The degradation rate of lignocellulose and methane (CH4) content must be improved through anaerobic fermentation process engineering in order to promote the proper operation of anaerobic organic waste removal without secondary pollution and low cost. The present study investigates mesophilic anaerobic fermentation of dairy manure (DM) under weak magnetic and low operation voltage (0.3–0.8 V). The results showed that the effect of electric and magnetic fields (EMF) can significantly enhance the fermentation, and improve the CH4 content of biogas and accelerate the degradation rate of lignocellulose. Fe-C microelectrolysis intensified the anaerobic fermentation of DM, the highest CH4 content was 87%, the cellulose degradation rate was 36%, increased by 125%, and the lignin degradation rate was 23%, increased by 203%, under loading 0.5 V voltage and weak magnetic field.
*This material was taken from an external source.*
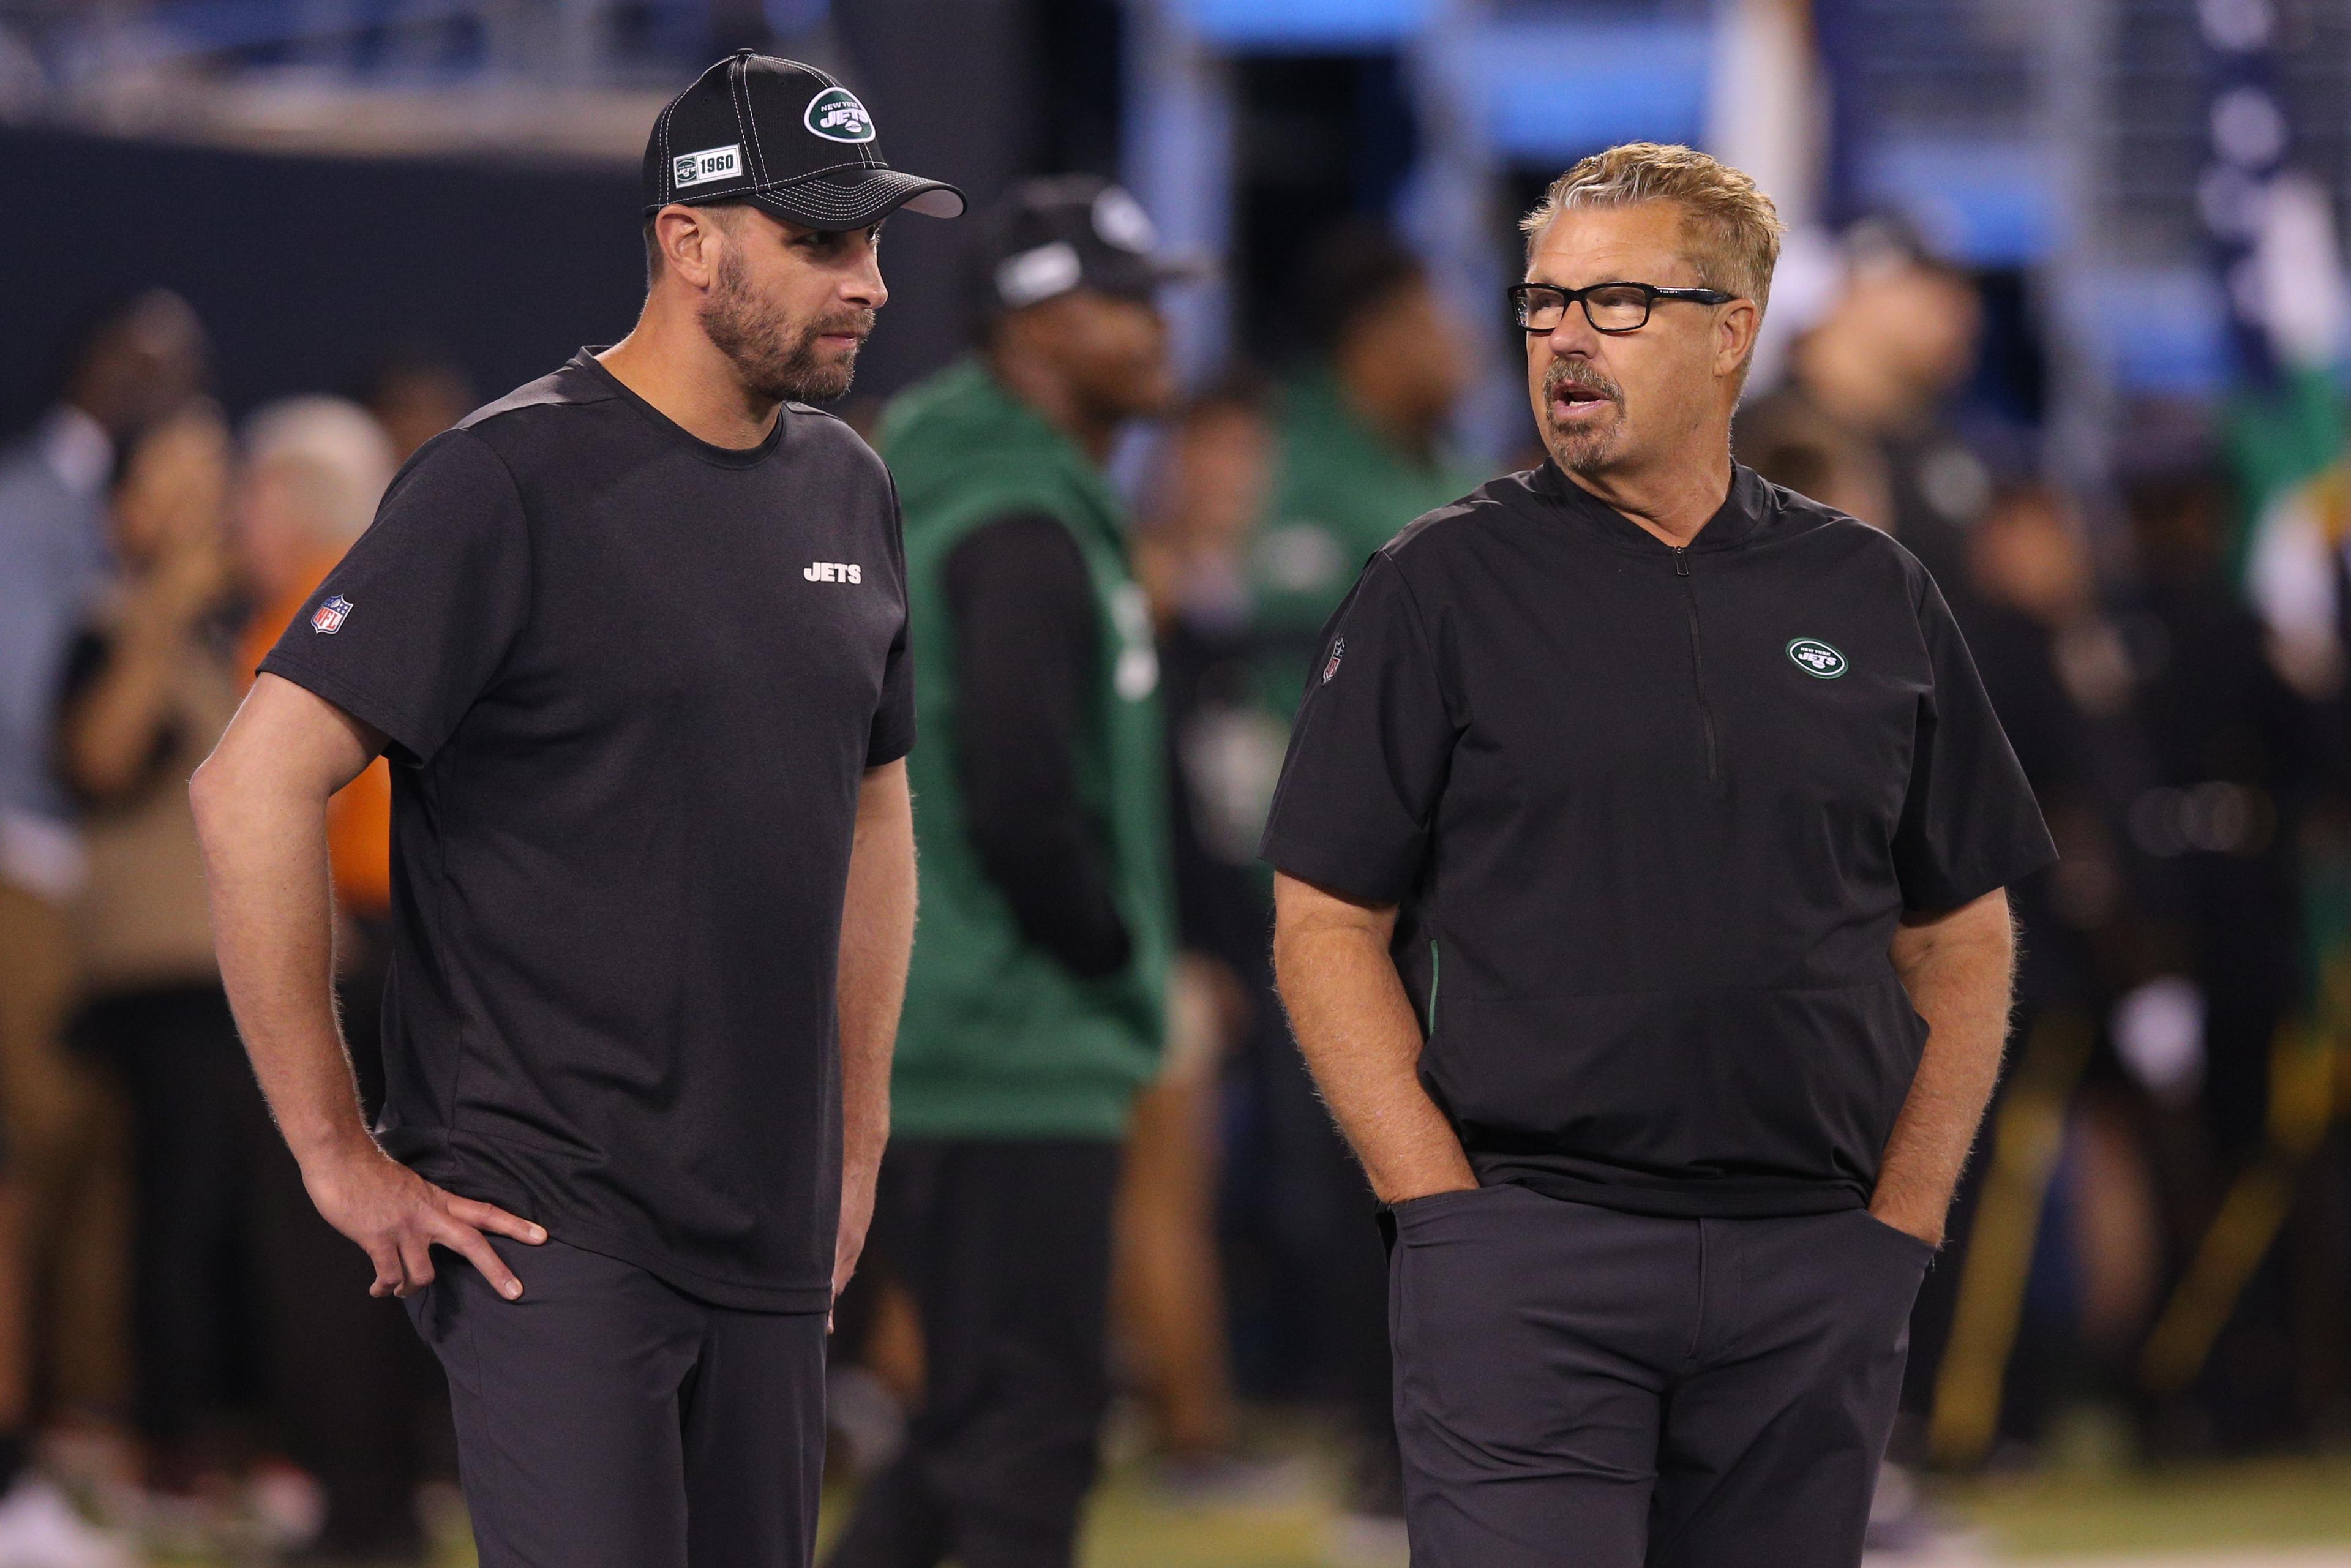 Sep 16, 2019; East Rutherford, NJ, USA; New York Jets head coach Adam Gase and defensive coordinator Gregg Williams talk on the field during warmups before a game against the Cleveland Browns at MetLife Stadium. / © Brad Penner-USA TODAY Sports

Metagenome sequence results showed that EMF and Fe-C microelectrolysis can not only promote the microbial diversity, but also increase the abundance of functional microorganisms at various stages. This finding provides theoretical support and foundation for the extraordinary efficiency degradation of lignocellulose and the electric and magnetic regulation of anaerobic fermentation microorganism system.

Suggested Citation

  • Qu, Guangfei & Lv, Pei & Cai, Yingying & Tu, Can & Ma, Xi & Ning, Ping, 2020. "Enhanced anaerobic fermentation of dairy manure by microelectrolysis in electric and magnetic fields," Renewable Energy, Elsevier, vol. 146(C), pages 2758-2765.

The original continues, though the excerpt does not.